[Excerpted records — start]
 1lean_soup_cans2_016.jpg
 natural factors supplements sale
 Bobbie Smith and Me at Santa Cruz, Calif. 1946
[Excerpted records — finish]
[Excerpted records — start]
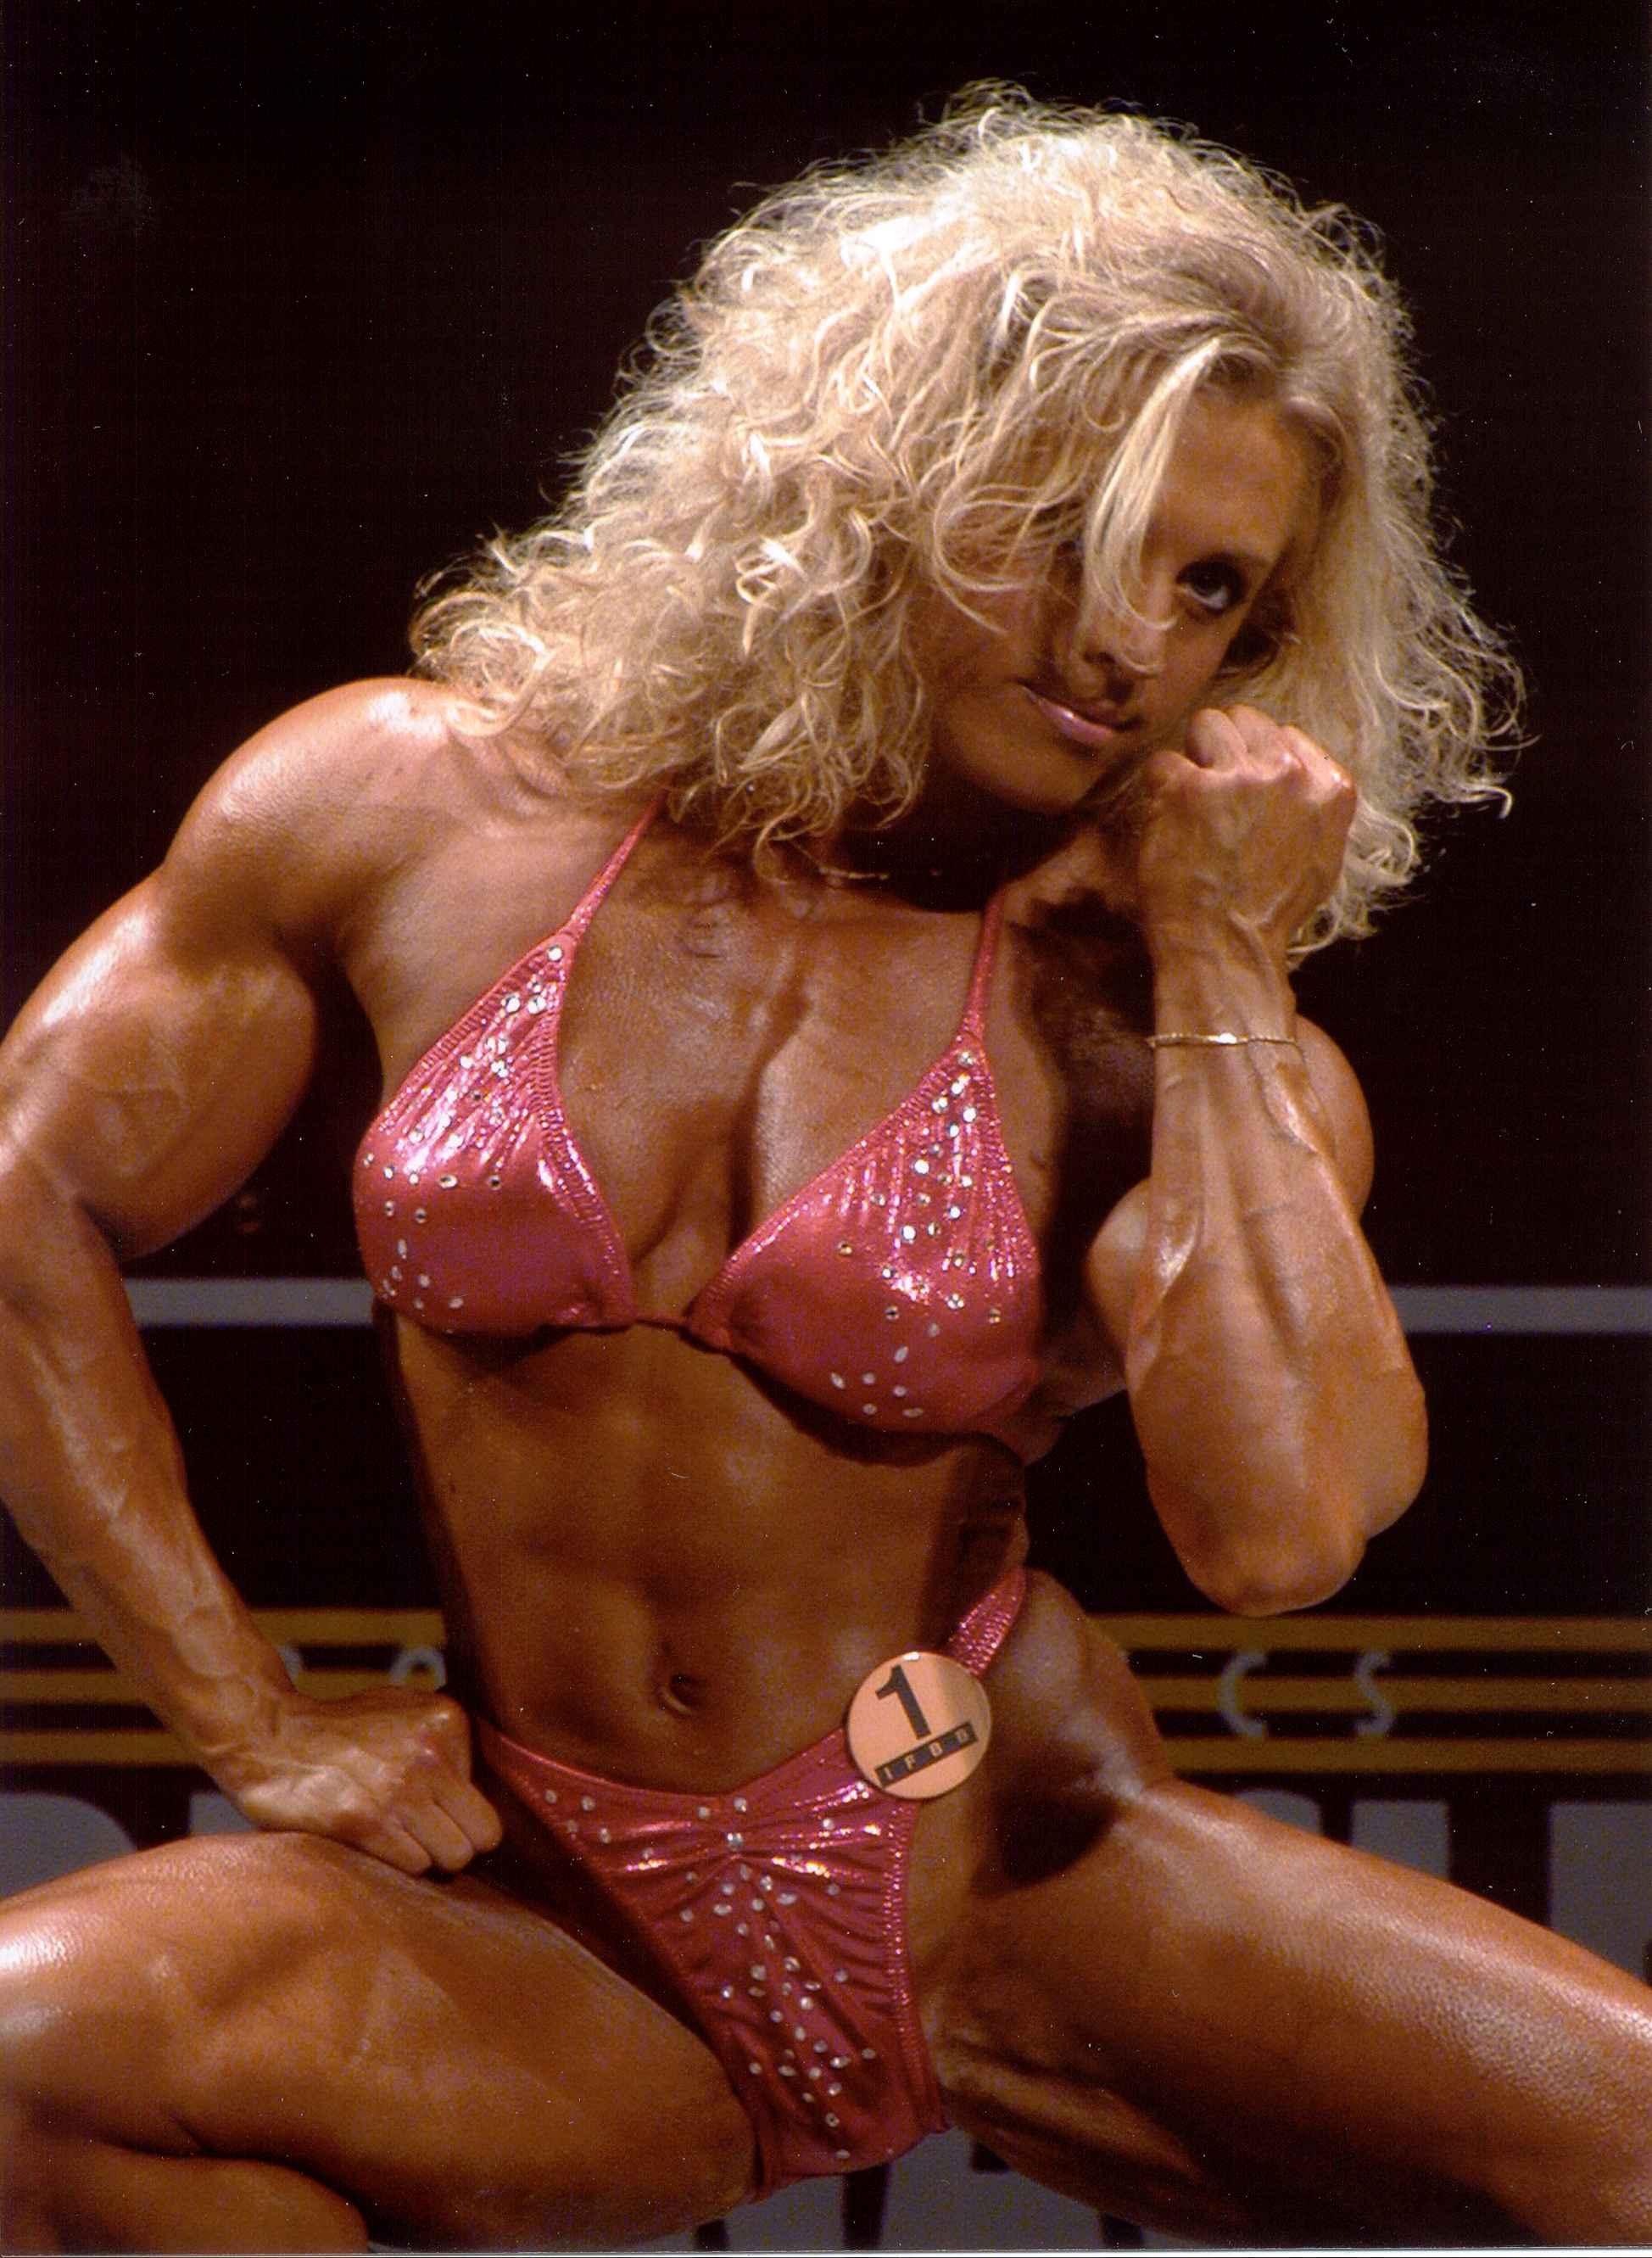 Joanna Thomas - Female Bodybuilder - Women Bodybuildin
[Excerpted records — finish]
| Work instructions |
Copy exactly the stretch of data above from the line with "natural factors supplements sale" through the line with "Bobbie Smith and", and omit all other lines.

| Exercise solution |
 natural factors supplements sale
 Bobbie Smith and Me at Santa Cruz, Calif. 1946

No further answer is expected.